Bagaimana Jalan Hati Menuju Allah SWT?

Hati manusia

Hati manusia adalah hal yang ghaib, sehingga dengan hati kita dapat “merasakan” kuasa Allah SWT. Lalu bagaimana hati kita dapat menuju Allah swt ?

Al-Imam Ibnu Athaillah Askandary dalam kitab Al Hikam menyatakan,

Bagaimana hati dapat bersinar, sementara gambar-gambar duniawi tetap terlukis dalam cermin hati itu? Atau, bagaimana hati dapat berangkat menuju Allah, karena masih terbelenggu oleh syahwatnya? Atau, bagaimana mungkin seseorang akan antusias menghadap kehadirat Allah, apabila hatinya belum suci dari “junub” kelalaiannya? Atau bagaimana mungkin seorang hamba bisa memahami kedalaman berbagai rahasia, sementara ia belum bertaubat dari kesalahannya?

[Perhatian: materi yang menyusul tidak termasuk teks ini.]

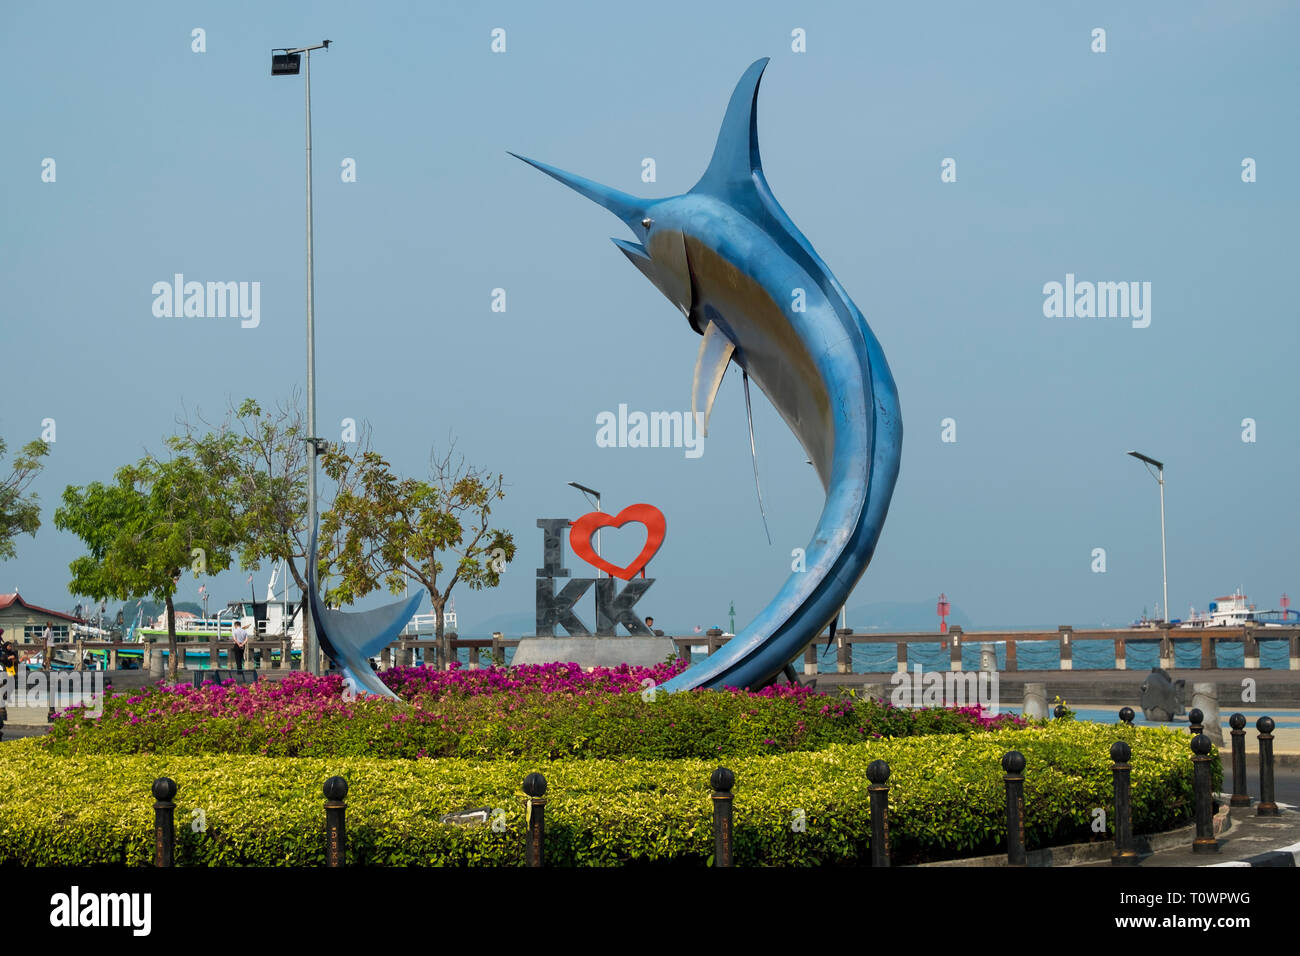 A big marlin statue marks one of the main roundabouts in Kota Kinabalu, Sabah, Borneo, Malaysia. - Stock Image

Apa yang disampaikan oleh Ibnu Athaillah diatas mengandung empat pertanyaan di mana antara pertanyaan dan jawaban menimbulkan kontradiksi yang mustahil pada akal berkumpul antara keduanya. Marilah kita perhatikan hal keadaan ini sebagai berikut:

Bagaimana hati dapat bersinar, sementara gambar-gambar duniawi tetap terlukis dalam cermin hati itu?

Maksudnya adalah apabila seorang hamba Allah telah menjauhkan dirinya dari makhluk, tetapi hatinya masih terikat kepada hartanya, kekayaannya, kedudukannya dan lain-lain, maka pastilah tujuan yang dimaksud, supaya hati bersih menghadap dengan sempurna kepada Allah dalam arti yang luas, pasti tidak akan berhasil.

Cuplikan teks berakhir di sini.